Passive acoustic monitoring is an efficient way to study acoustically
active animals but species identification remains a major challenge. C-PODs
are popular logging devices that automatically detect odontocete
echolocation clicks. However, the accompanying analysis software does not
distinguish between delphinid species. Click train features logged by
C-PODs were compared to frequency spectra from adjacently deployed
continuous recorders. A generalized additive model was then used to
categorize C-POD click trains into three groups: broadband click trains,
produced by bottlenose dolphin (*Tursiops truncatus*) or common
dolphin (*Delphinus
delphis*), frequency-banded click trains, produced by Risso's (*Grampus
griseus*) or white beaked dolphins (*Lagenorhynchus albirostris*), and
unknown click trains.

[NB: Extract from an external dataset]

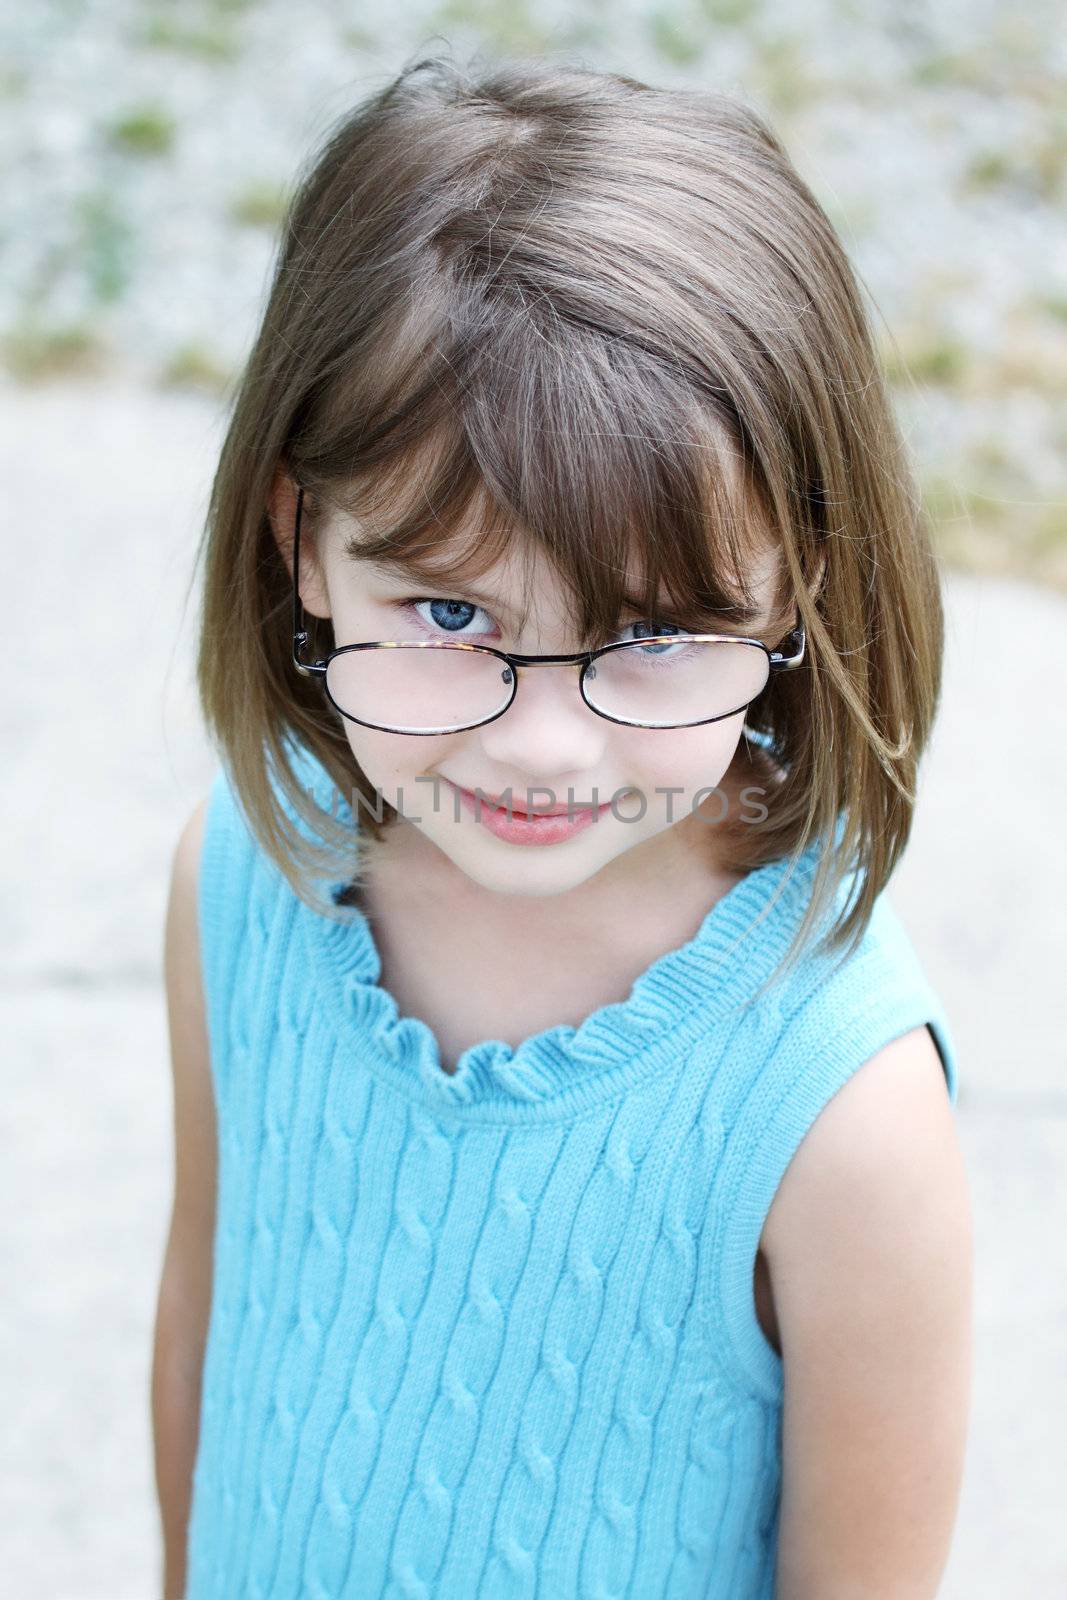 Little girl outdoors wearing glasses and looking up into the camera.
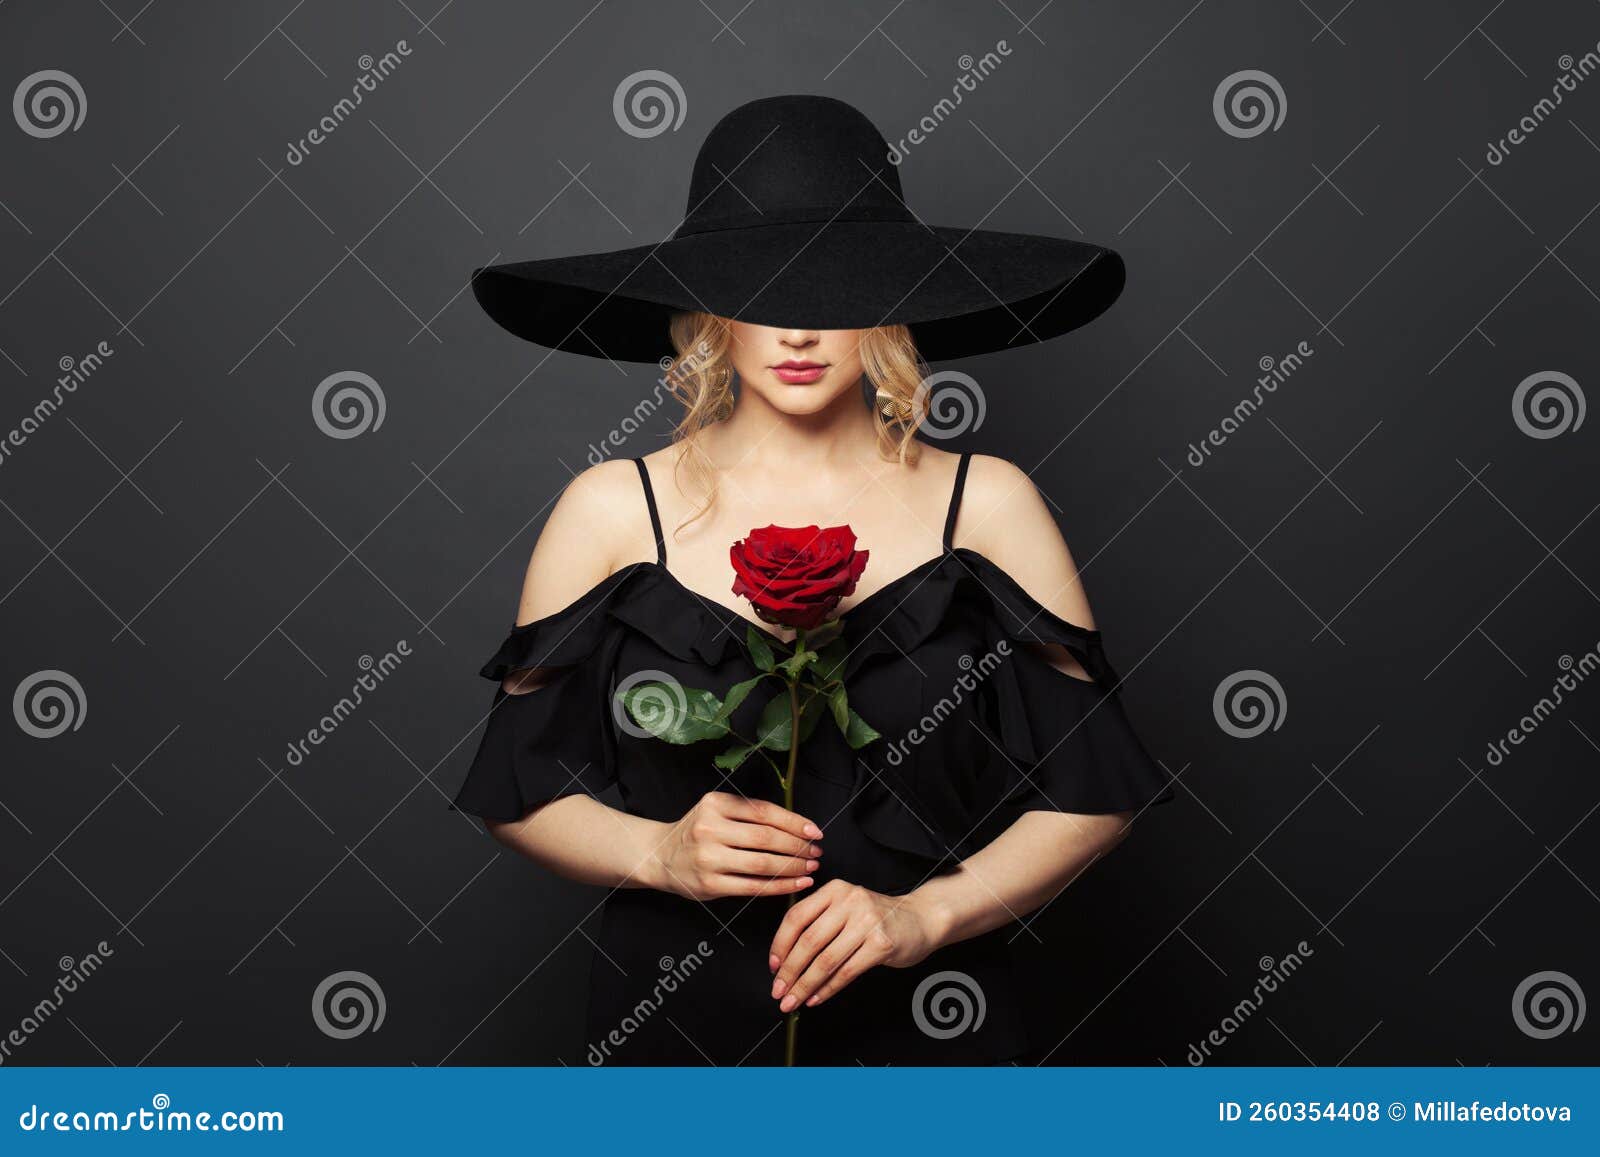 Beautiful Passionate Woman Wearing Wide Black Broad Brim Hat with

Incorrect categorization rates for broadband and
frequency banded clicks were 0.02 (SD 0.01), but only 30% of the click
trains met the categorization threshold. To increase the proportion of
categorized click trains, model predictions were pooled within acoustic
encounters and a likelihood ratio threshold was used to categorize
encounters. This increased the proportion of the click trains meeting
either the broadband or frequency banded categorization threshold to 98%.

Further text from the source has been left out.